• [Task to complete] When you reach the line containing "CVJM-Lützingen", begin copying, and keep copying each line exactly until the listing ends.

--- Given information ---

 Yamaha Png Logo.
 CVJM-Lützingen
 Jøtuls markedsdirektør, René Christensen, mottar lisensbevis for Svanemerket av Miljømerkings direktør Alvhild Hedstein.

---

• [Written response]
 CVJM-Lützingen
 Jøtuls markedsdirektør, René Christensen, mottar lisensbevis for Svanemerket av Miljømerkings direktør Alvhild Hedstein.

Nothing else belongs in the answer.